To hormonal changes, some might be due to structural abnormalities such as lesions within the uterus, and others might be due to systemic medical conditions. When a woman has a menstrual cycle that occurs greater than 35 days from start to start, less than 21 days from start to start, or bleeding in between their menses, after intercourse, or after menopause, these are all indications that something might be abnormal, and she should be examined by her physician. Uterine fibroids are a common cause of abnormal bleeding, and the lifetime risk.
Of developing uterine fibroids is approximately 70 to 80 percent. Uterine fibroids are benign tumors of the uterus and can cause many symptoms such as abnormal uterine bleeding, which can be either heavy or irregular, pelvic pain, andor pelvic pressure related to the large size of fibroids. However, not all women with uterine fibroids have symptoms, and the decision to proceed with treatment for uterine fibroids really depends on whether or not those symptoms are bothersome. If you think that your bleeding symptoms are abnormal or bothersome, or if you suspect that you might have uterine fibroids, you should talk to your doctor.
Uterine Fibroids Uterine Fibroids Treatment
If you are trying to cure your you to Ryan fibroids you must watch this tutorial last week I came across this incredible holistic you to Ryan fibroids Cure program written by a nutritionist and a health consultant her name is Amanda Lido amanda has the incredible ability to cut through all the BS and hype that surrounds curing fibroids and their related symptoms do you want to learn how to cure you to run fibroids and their related symptoms from someone who has herself cured her uterine fibroids diet or from someone.
Who just read about you to run fibroids sorry experience wins out in my book I will always want to learn from the person who's actually done what I'm trying to do if you're trying to cure your goes or battling with any type a view to run fibroids you must check this out endorse many products mainly because they are mostly hype and don't live up to expectation Amanda's new book called fibroids miracle is an exception this material is excellent in a mustread for anyone trying to cure you.
To run fibroids and dramatically improve their health and wellbeing please not and do you to run fibroid gimmick your now I know many love you are saying Ono not another cure you to run fibroids in days program to be totally honest I thought the same thing rest assured this is not the case it is not a quick fix or a gimmick its 250 plus pages have solid clinically proven hole is too cute around fibroids treatment information she starts from square one and teaches you everything you need to know.

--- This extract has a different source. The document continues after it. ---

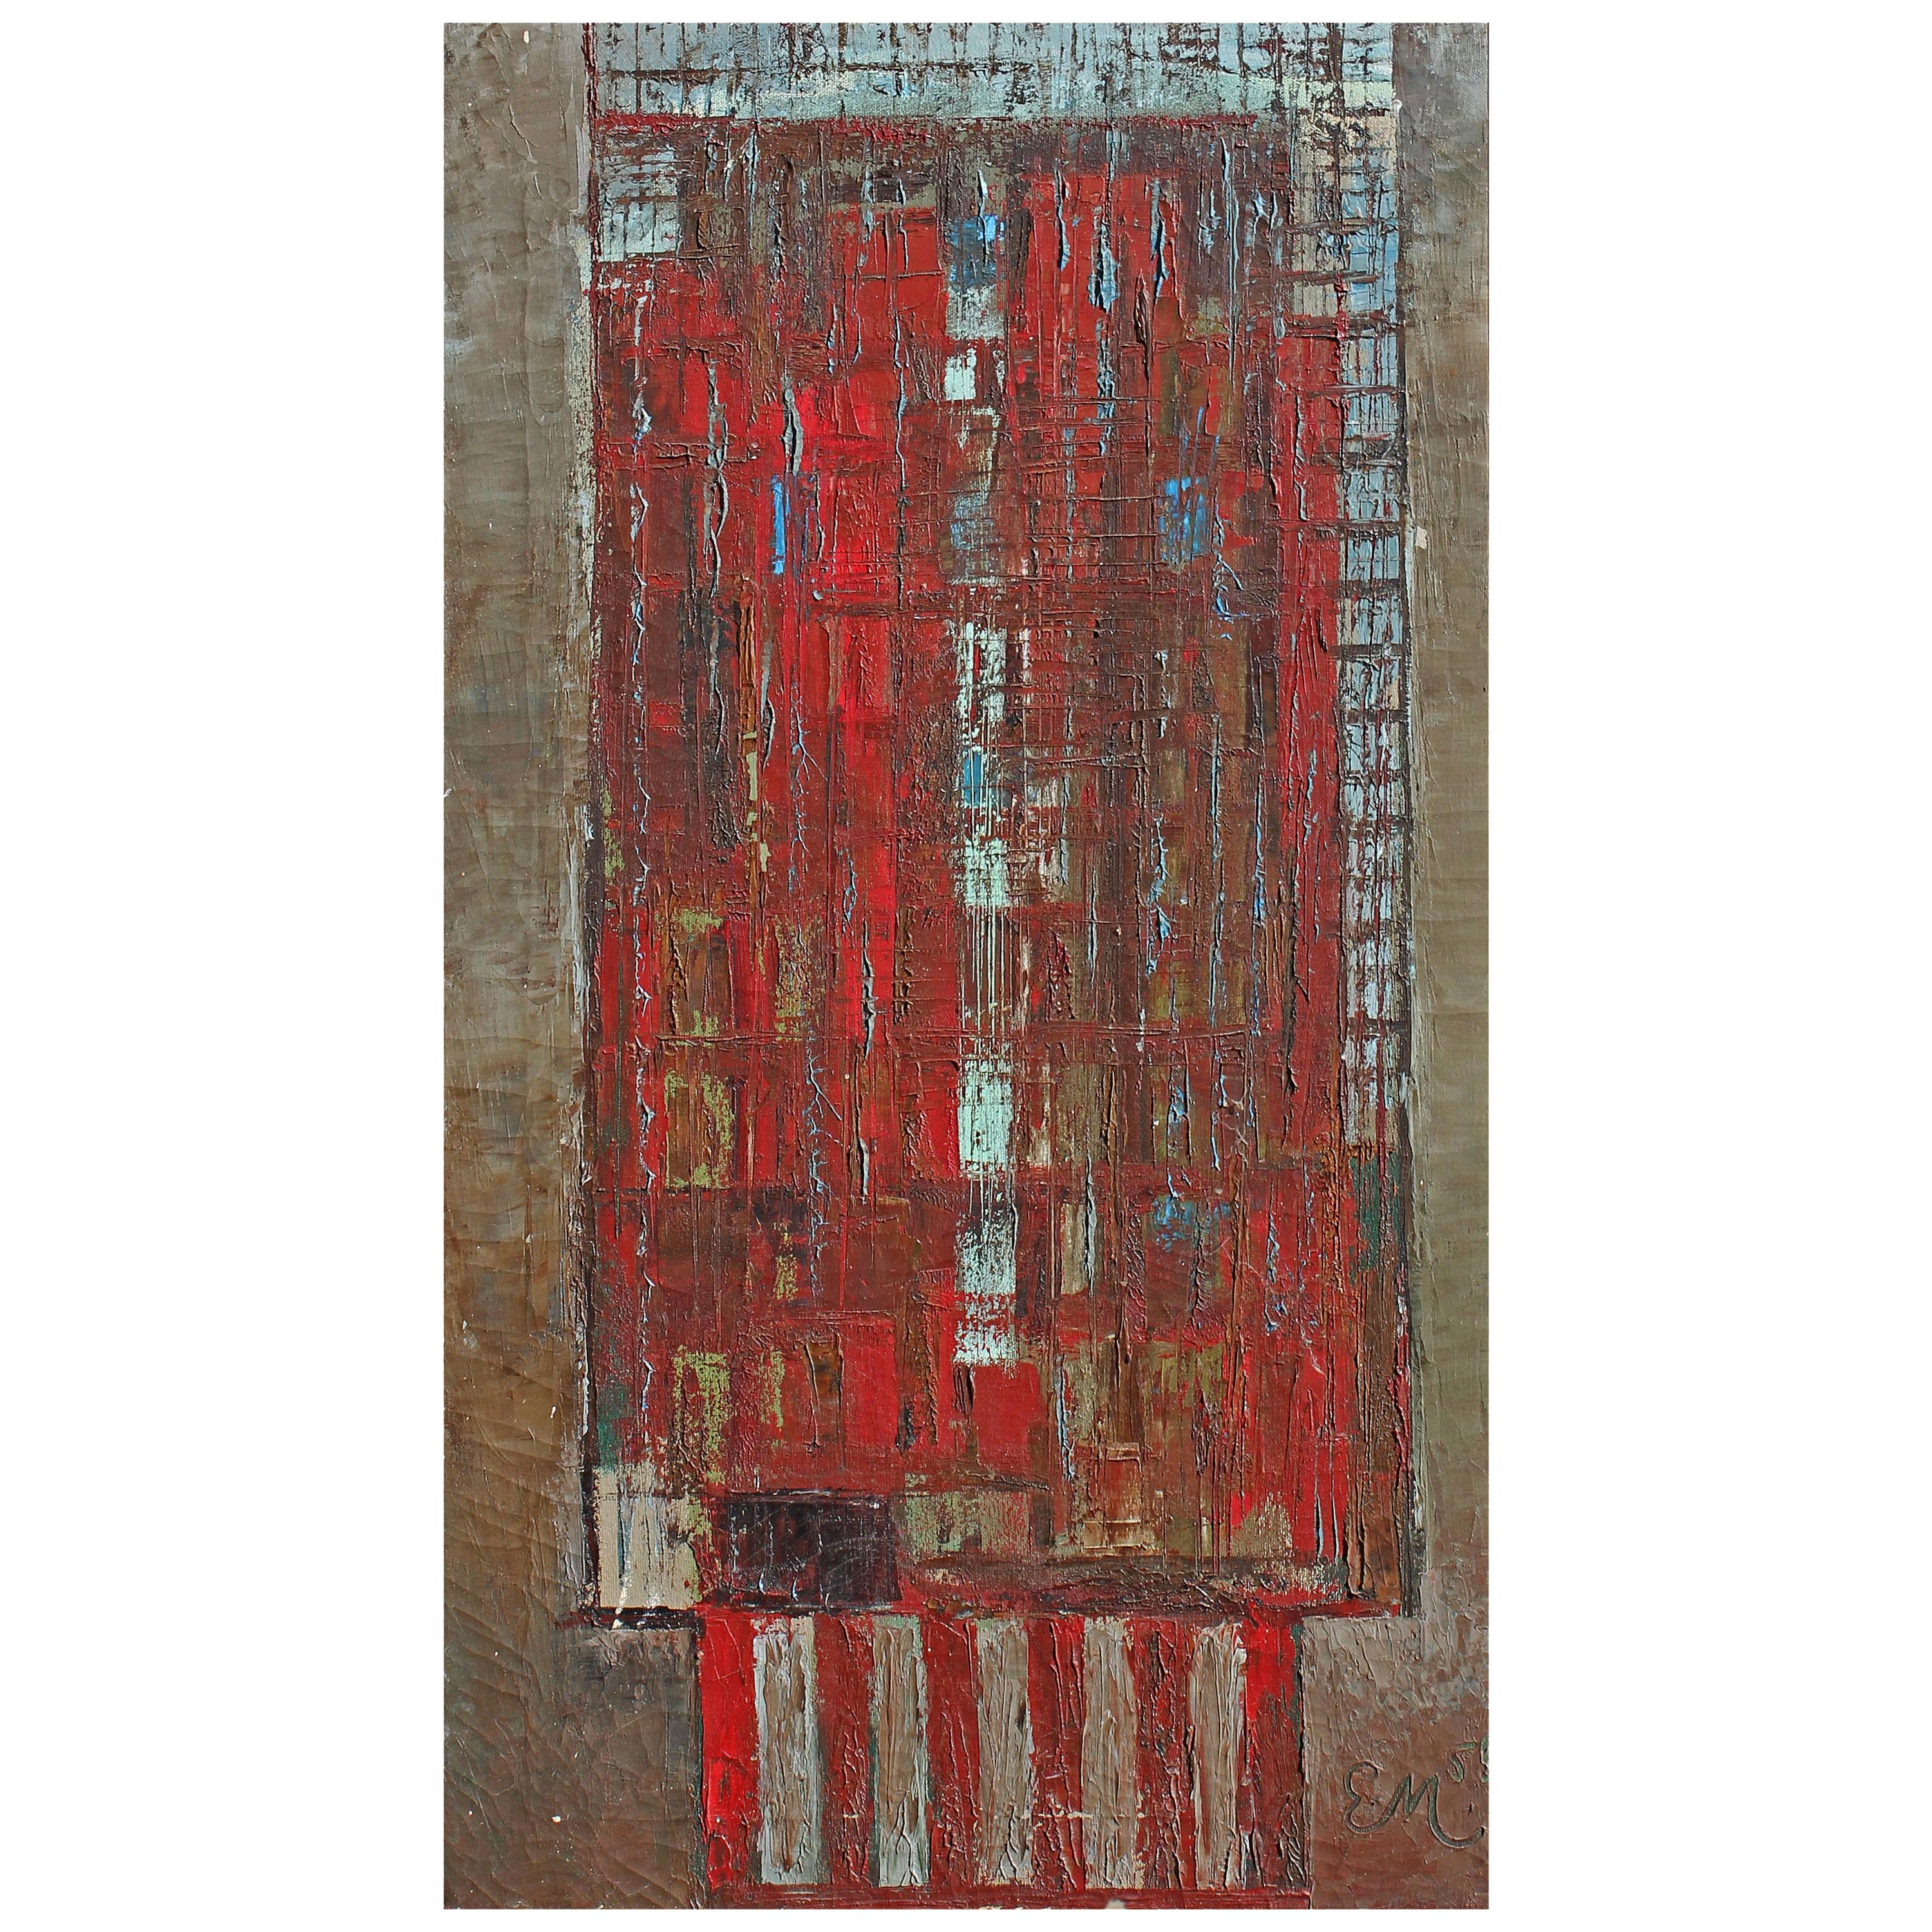 American abstract Bauhaus style high rise building. Oil on canvas, signed

Doesn't matter what type a fibroid you have and regardless love your age or lifestyle you will learn something from this book here's what the author im and Alito had to say about her incredible program after 14 years have trial air and experimentation I finally discovered the answer to you to run fibroids and developed a foolproof system to cure fibroids and their related symptoms the natural way no drugs or surgery necessary and now I'm finally revealing my secrets in this new encyclopedia a view to run fibroids called.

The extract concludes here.